- Theatrical release poster
- Directed by: Tony Young
- Screenplay by: Bill Luckwell Anthony Young
- Based on: Death at Shinglestrand by Paul Capon
- Produced by: Bill Luckwell Derek Winn
- Starring: Griffith Jones Patricia Laffan James Kenney Bruce Seton Peter Carver Danny Green
- Cinematography: Ernest Palmer
- Edited by: John Ferris
- Music by: William Trytel
- Production companies: Bill and Michael Luckwell Films
- Distributed by: Rank Film Distributors Republic Pictures (US)
- Release date: 25 February 1959;
- Running time: 71 minutes
- Country: United Kingdom
- Language: English

= Hidden Homicide =

1959 British film by Anthony Young

Hidden Homicide is a 1959 British 'B' mystery film directed by Tony Young and starring Griffith Jones, Patricia Laffan, James Kenney, Bruce Seton, Peter Carver and Danny Green.
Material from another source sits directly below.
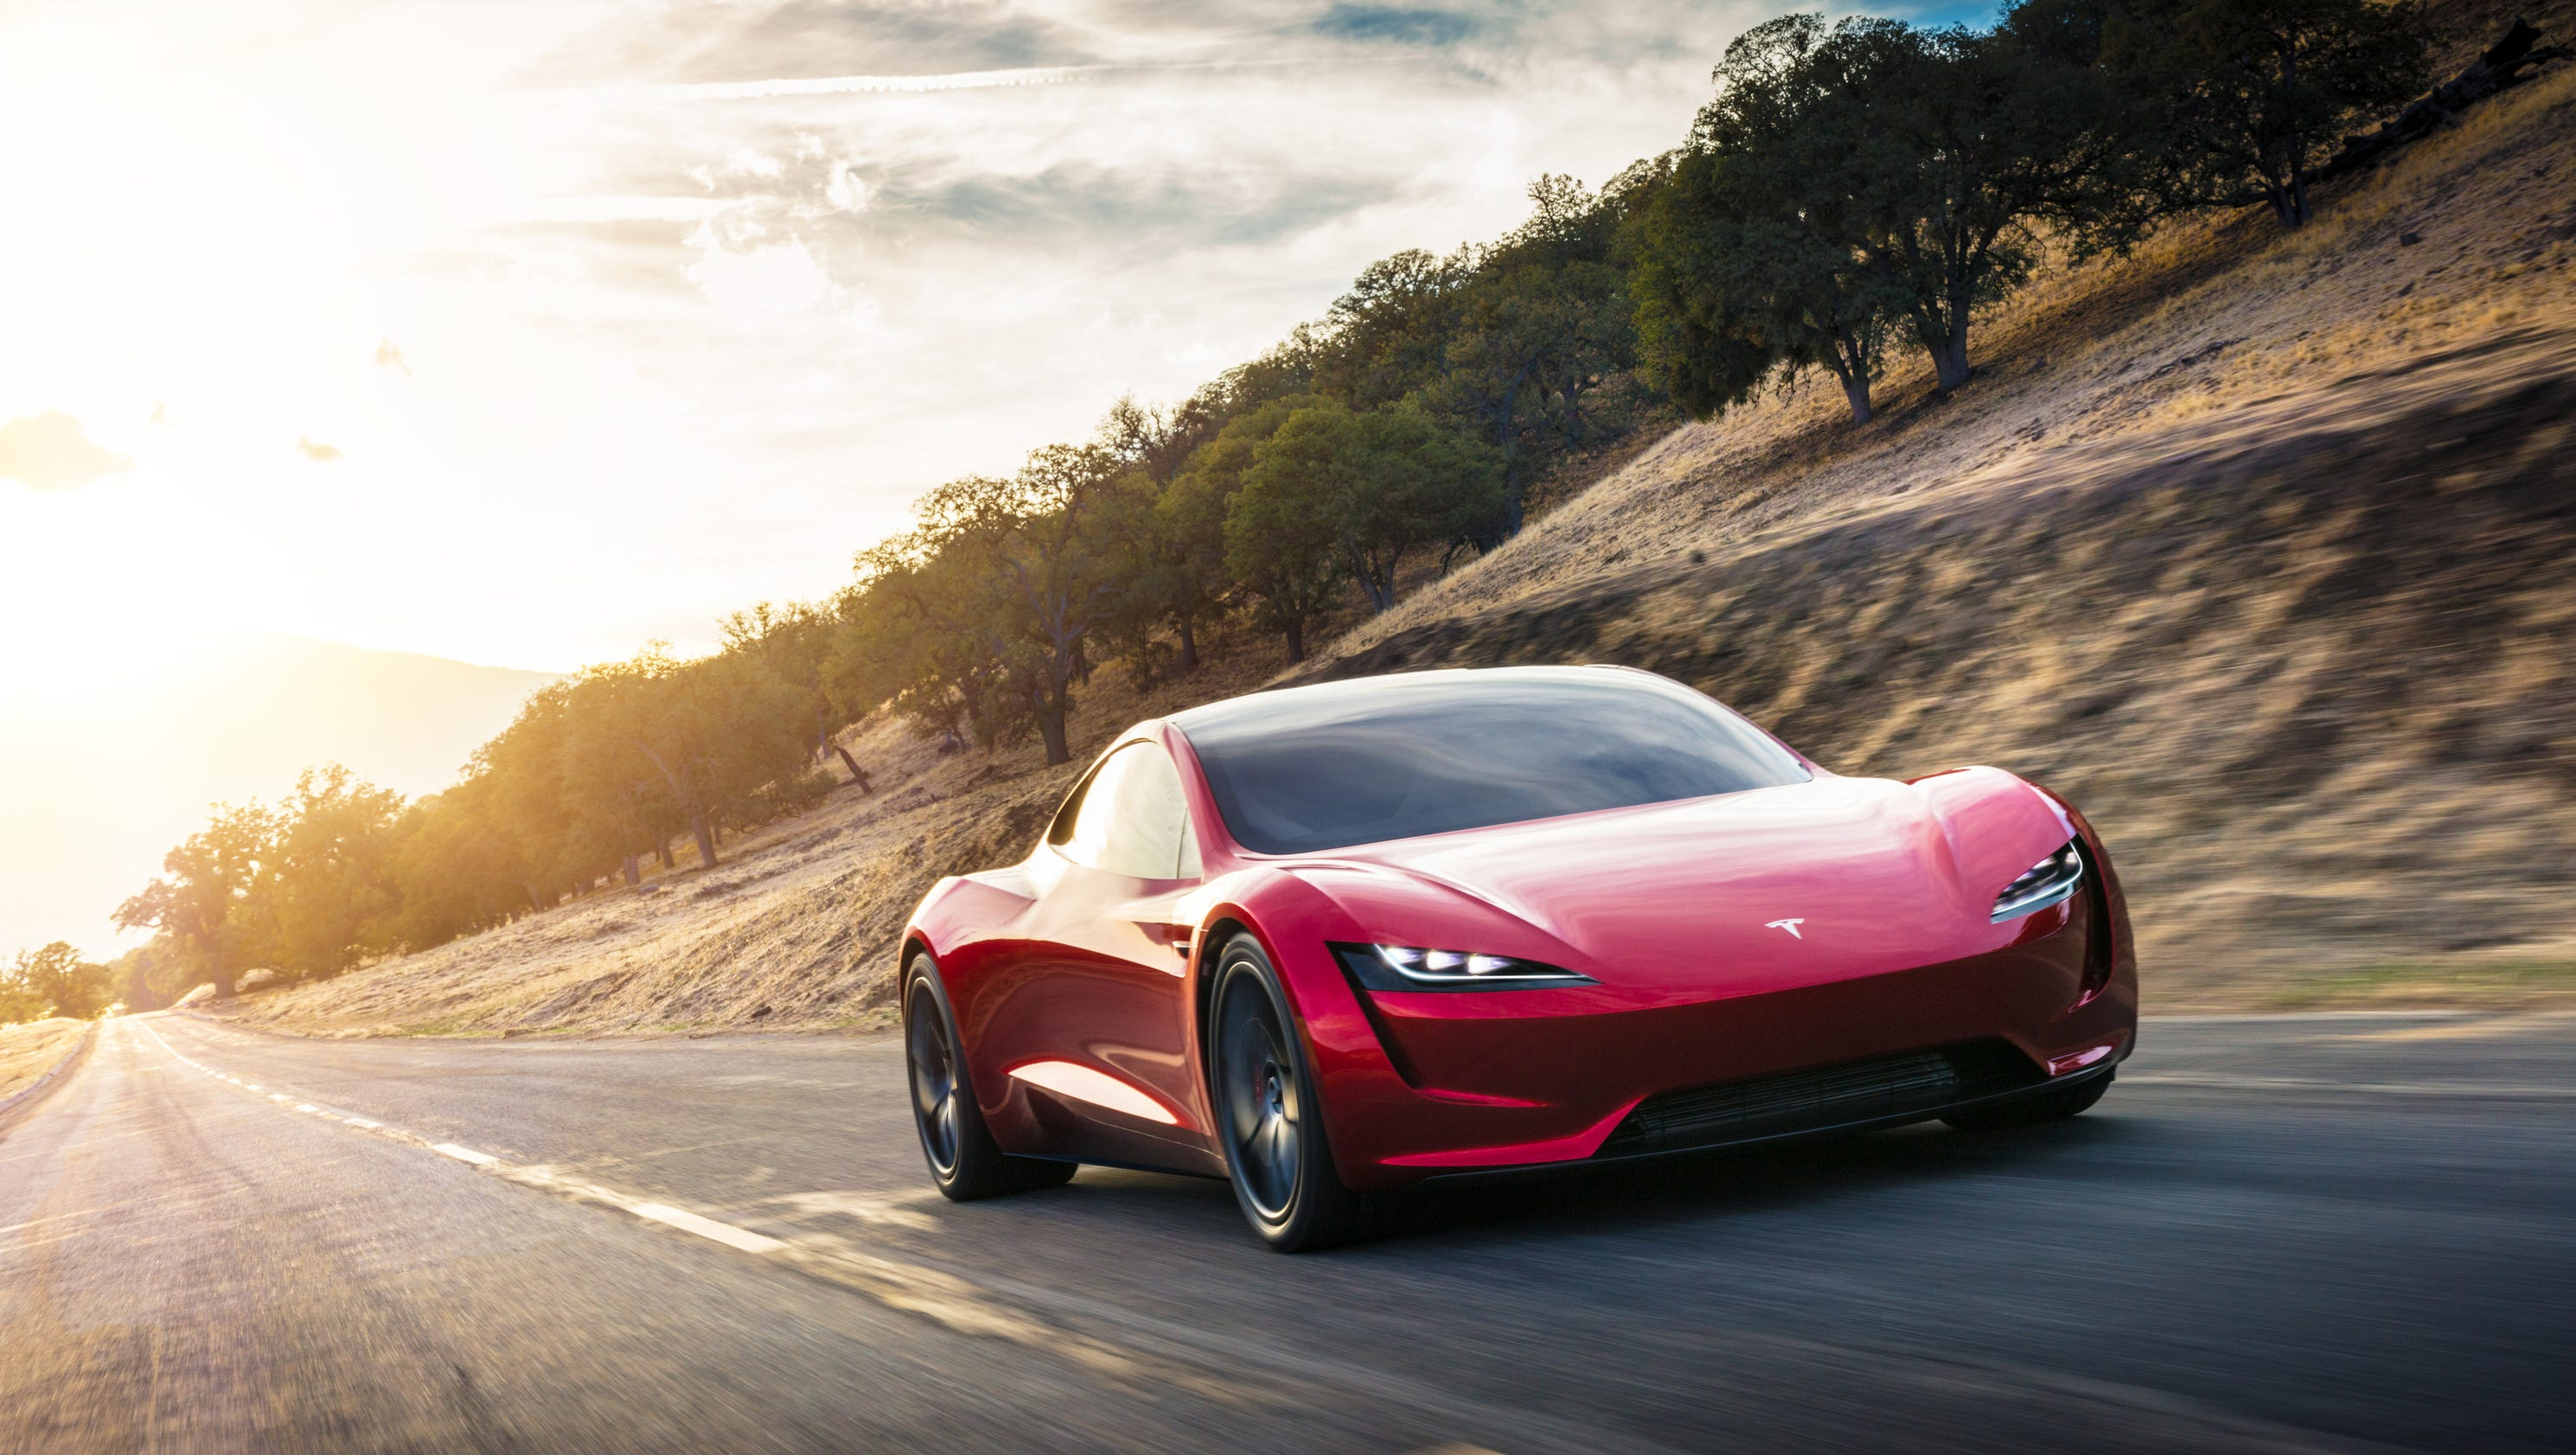 Tesla flying car? Elon Musk teases 'special upgrade' of Roadster supercar

It was written by Bill Luckwell and Young, based on the 1951 novel Death at Shinglestrand by Paul Capon. It was released on 25 February 1959 by Rank Film Distributors.

== Preservation status ==
The British Film Institute National Archive holds a collection of ephemera and stills but no film or video materials.

==Plot==
Writer Michael Cornforth wakes up in a strange house in the countryside – fully clothed and holding a gun. On investigating, he discovers his cousin's dead body in the kitchen, and soon finds himself accused of murder.

==Cast==
- Griffith Jones as Michael Cornforth
- Patricia Laffan as Jean Gilson
- James Kenney as Oswald Castellan
- Bruce Seton as Bill Dodd
- Peter Carver as Wally Gizzard
- Danny Green as Cliff Darby
- Charles Farrell as Mungo Peddy
- John Moore as the stranger
- Richard Shaw as Wright
- Robert Raglan as Ashbury
- Maya Koumani as Marian Savage
- David Chivers as the chemist
- Norman Wynne as the innkeeper
- Frank Hawkins as Ben Leacock
- Jan Wilson as porter
- Joe Wadham as Marshall
- John Watson as policeman
==Production==
The movie was shot at Merton Park in November 1957.
== Critical reception ==
Kinematograph Weekly wrote "The picture gets around, but moves in shabby and fantastic circles. Griffith Jones doesn’t know whether he’s coming or going as Michael, Patricia Laffan makes an incredibly trusting Jean, and James Kenney takes on far more than he can chew as Castellan, Kate and Mrs. Dodge, a 'char,' but Bruce Seton is not too bad as Dodd. The love angle stretches credulity to breaking point, and even its in-the-nick-of-time climax misfires. The staging is not so hot, either."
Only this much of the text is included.